▸ **WHAT YOU ARE ASKED TO DO**
From the listing below, set down exactly the lines between the one holding "Shwe In Bin" and the one holding "x2 シリアル番号有など色々 ●同梱で安く送料を上げませう_画像2", inclusive. No other line is wanted.

▸ **SOURCE DATA**
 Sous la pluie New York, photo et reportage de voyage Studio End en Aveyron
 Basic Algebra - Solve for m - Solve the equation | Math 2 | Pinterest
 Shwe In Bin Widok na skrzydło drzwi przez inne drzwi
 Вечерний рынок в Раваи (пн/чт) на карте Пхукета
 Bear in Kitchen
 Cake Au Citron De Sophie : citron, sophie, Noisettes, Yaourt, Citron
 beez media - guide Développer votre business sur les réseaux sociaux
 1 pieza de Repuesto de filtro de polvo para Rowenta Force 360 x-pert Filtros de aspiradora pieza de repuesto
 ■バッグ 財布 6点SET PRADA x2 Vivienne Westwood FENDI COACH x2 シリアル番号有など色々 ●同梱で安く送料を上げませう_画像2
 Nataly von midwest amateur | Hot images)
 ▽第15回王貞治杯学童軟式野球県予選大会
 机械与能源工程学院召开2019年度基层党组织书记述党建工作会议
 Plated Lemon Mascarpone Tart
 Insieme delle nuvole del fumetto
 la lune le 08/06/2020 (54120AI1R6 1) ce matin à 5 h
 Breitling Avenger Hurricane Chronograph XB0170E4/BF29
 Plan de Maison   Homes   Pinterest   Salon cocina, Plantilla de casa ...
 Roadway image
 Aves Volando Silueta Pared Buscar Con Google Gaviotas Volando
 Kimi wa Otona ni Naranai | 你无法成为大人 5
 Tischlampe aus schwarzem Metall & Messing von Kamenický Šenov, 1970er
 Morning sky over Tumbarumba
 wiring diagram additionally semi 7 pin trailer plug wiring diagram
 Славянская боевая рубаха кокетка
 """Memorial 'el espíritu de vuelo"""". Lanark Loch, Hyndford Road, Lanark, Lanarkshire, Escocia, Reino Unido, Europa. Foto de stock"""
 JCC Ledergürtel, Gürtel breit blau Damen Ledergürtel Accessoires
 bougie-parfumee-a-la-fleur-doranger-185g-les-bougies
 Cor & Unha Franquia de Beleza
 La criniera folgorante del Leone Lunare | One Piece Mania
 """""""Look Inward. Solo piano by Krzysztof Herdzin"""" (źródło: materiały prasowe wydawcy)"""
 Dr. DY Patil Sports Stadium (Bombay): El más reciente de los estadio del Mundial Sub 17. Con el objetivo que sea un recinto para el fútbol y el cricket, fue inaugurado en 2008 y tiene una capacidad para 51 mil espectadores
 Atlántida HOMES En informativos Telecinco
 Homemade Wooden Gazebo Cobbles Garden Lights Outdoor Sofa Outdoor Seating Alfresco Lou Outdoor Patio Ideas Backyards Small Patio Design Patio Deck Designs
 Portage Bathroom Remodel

▸ **RESPONSE TO THIS EXERCISE**
 Shwe In Bin Widok na skrzydło drzwi przez inne drzwi
 Вечерний рынок в Раваи (пн/чт) на карте Пхукета
 Bear in Kitchen
 Cake Au Citron De Sophie : citron, sophie, Noisettes, Yaourt, Citron
 beez media - guide Développer votre business sur les réseaux sociaux
 1 pieza de Repuesto de filtro de polvo para Rowenta Force 360 x-pert Filtros de aspiradora pieza de repuesto
 ■バッグ 財布 6点SET PRADA x2 Vivienne Westwood FENDI COACH x2 シリアル番号有など色々 ●同梱で安く送料を上げませう_画像2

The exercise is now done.